Other ocular conditions found in the present study are presented in Table 4. In the present study, ocular surface disease (dry eye and blepharitis) was found amongst 35.8% of the subjects examined. Dry eye disease has been found to be quite prevalent in Saudi Arabia, with the prevalence ranging from 32.1% to 93.2%.17,18,19,20 The high prevalence of ocular surface disease in Saudi Arabia is related to the dry and dusty nature of the environment. Temperatures during the summer are reported to reach 50 °C.

The noteworthy point that needs to be made in this study is that whereas the investigation of dry eye disease reported above was conducted amongst individuals presenting at the hospital or health centre, the Dariyah community does not have access to eye care, with the nearest hospital being 165 km away.

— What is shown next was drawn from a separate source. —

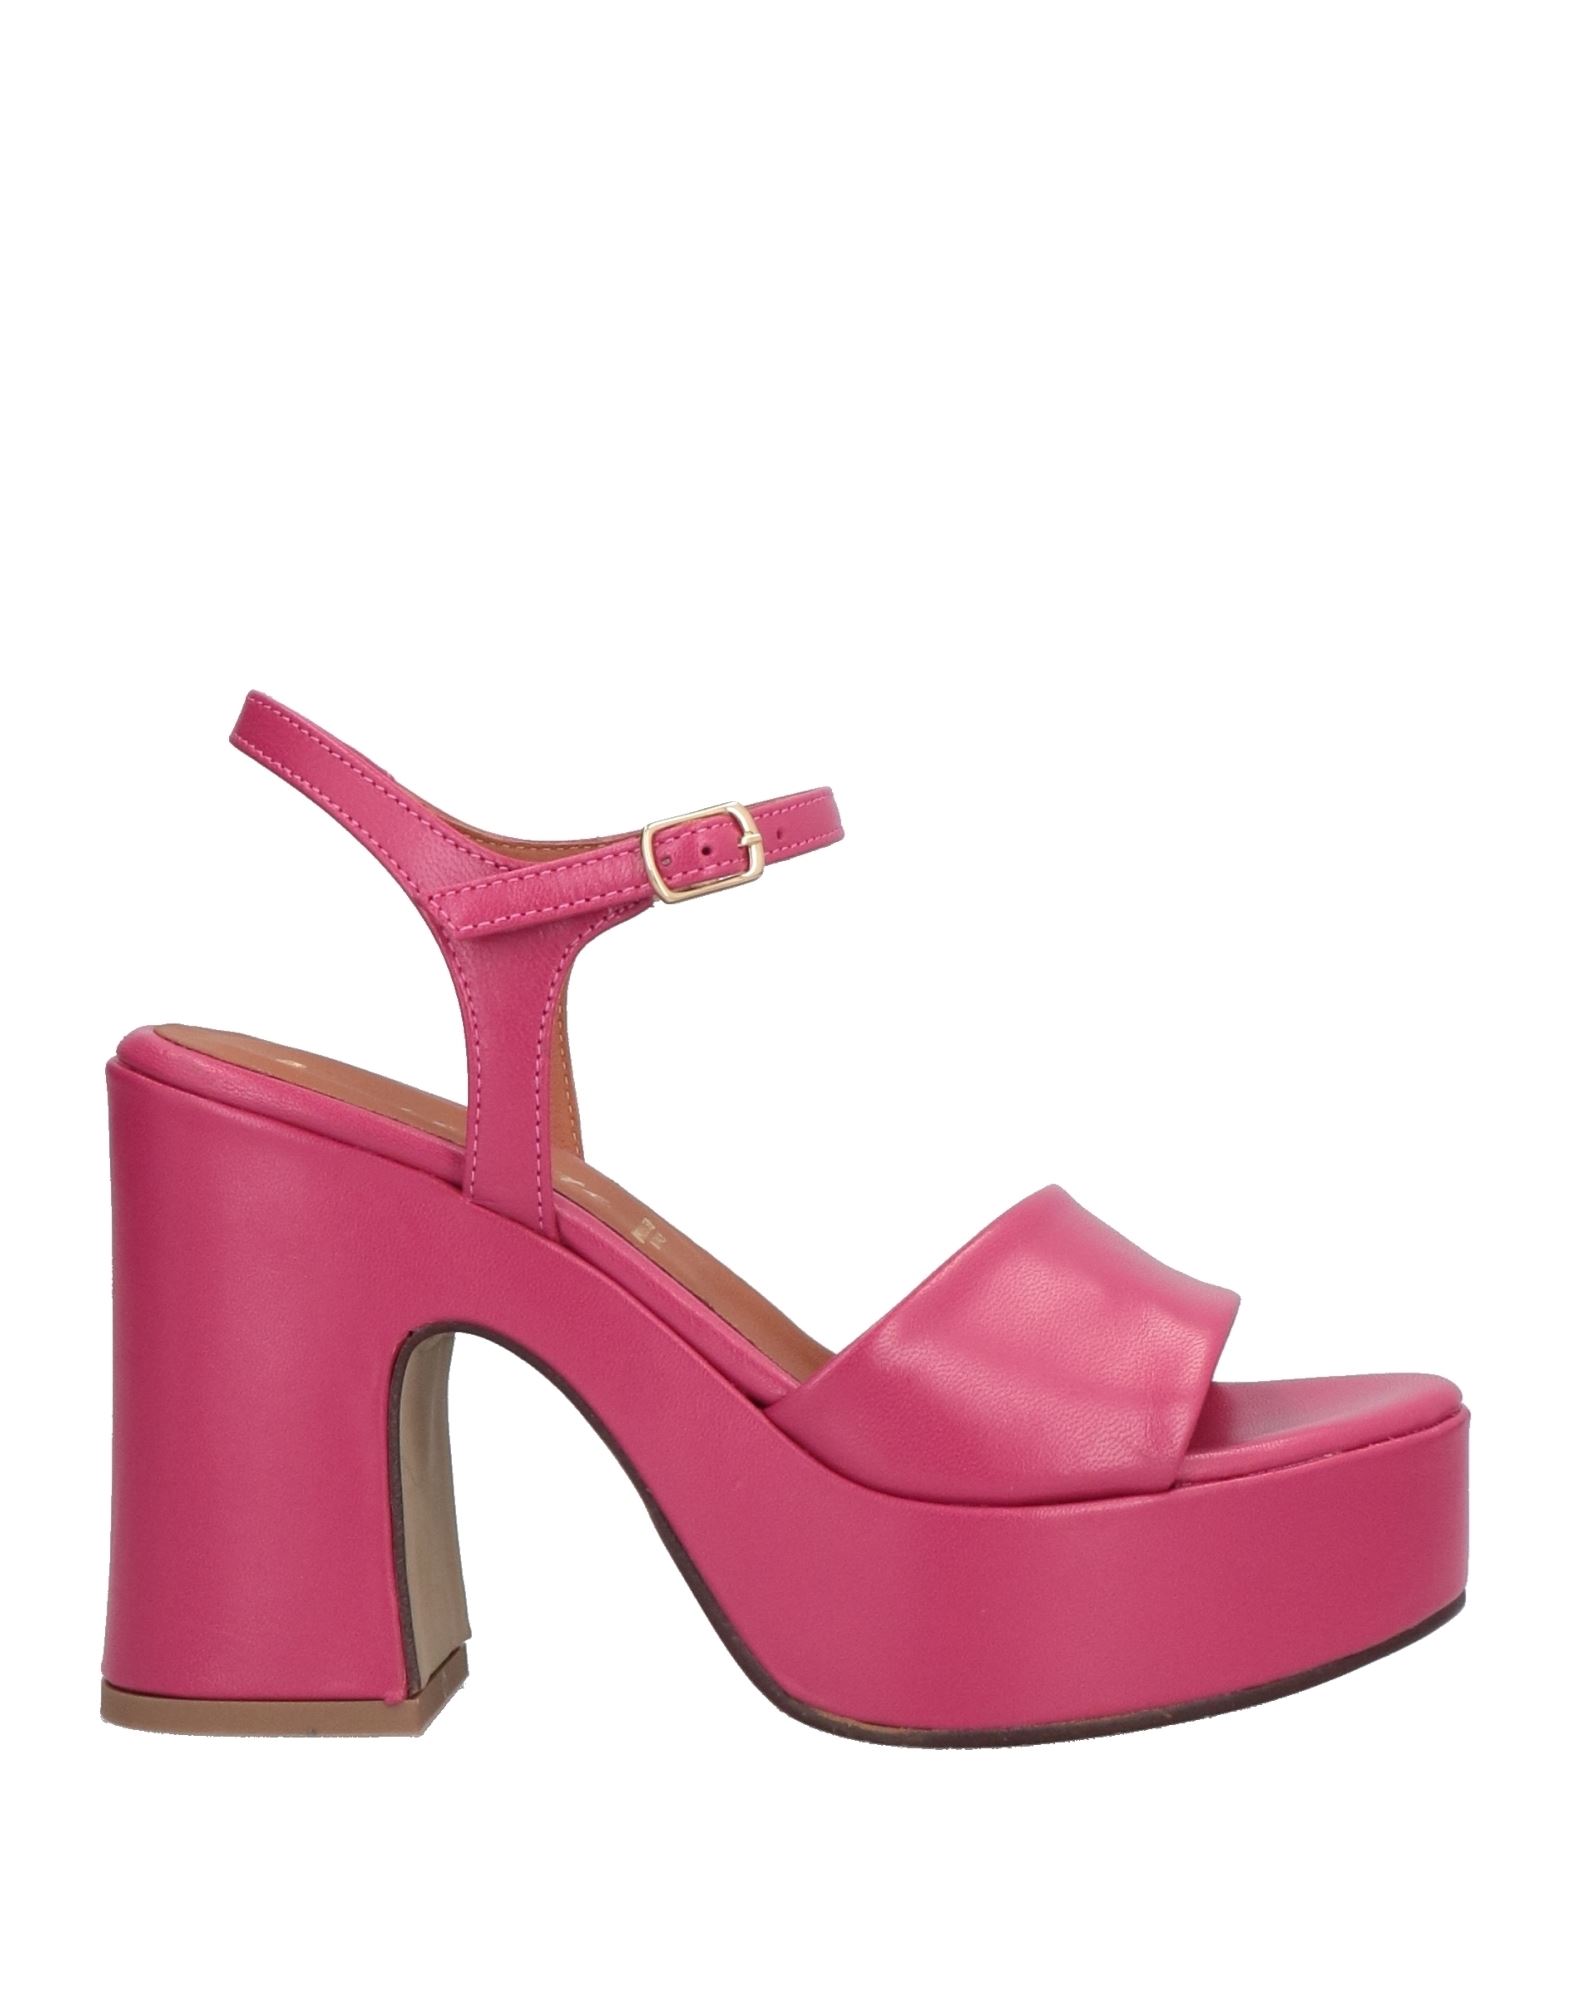 Le Pepite Sandals In Pink

An important limitation of this study is the fact that the participants in the study were obtained from a single community without random selection; this is likely to introduce various biases, and it is therefore also not possible to generalise the findings to the entire Kingdom of Saudi Arabia. However, the study presents some insight into the state of eye health in a rural community in Saudi Arabia, and chances are that some results may be the case for other rural areas with similar socioeconomic characteristics. Further investigations with larger randomised samples remain for the future.

Conclusion

The prevalence of visual impairment in this community with no access to eye care service was found to be 32.1%, with refractive error being the commonest cause of visual impairment. Given the absence of eye care services in the community, we recommend the engagement of primary eye care professionals, including optometrists, as one way to address the identified prevalence of refractive errors and ocular surface disease.

Acknowledgements

The authors thank the staff and students of the Department of Optometry, Qassim University, who participated in the community outreach event.

Competing interests

The authors declare that they have no financial or personal relationships that may have inappropriately influenced them in writing this article.

Authors’ contributions

W.A. was responsible for the conceptualisation and design of the study, data collection and review of the draft manuscript. G.O.O.-O. was responsible for the conceptualisation and design of the study, data extraction, data analysis, and writing and review of the manuscript.

Funding information

This research received no specific grant from any funding agency in the public, commercial or not-for-profit sectors.

Data availability

The data for the study are available from the corresponding author, G.O.O.-O., upon reasonable request.

Disclaimer

The views and opinions expressed in this article are those of the authors and do not necessarily reflect the official policy or position of any affiliated agency of the authors.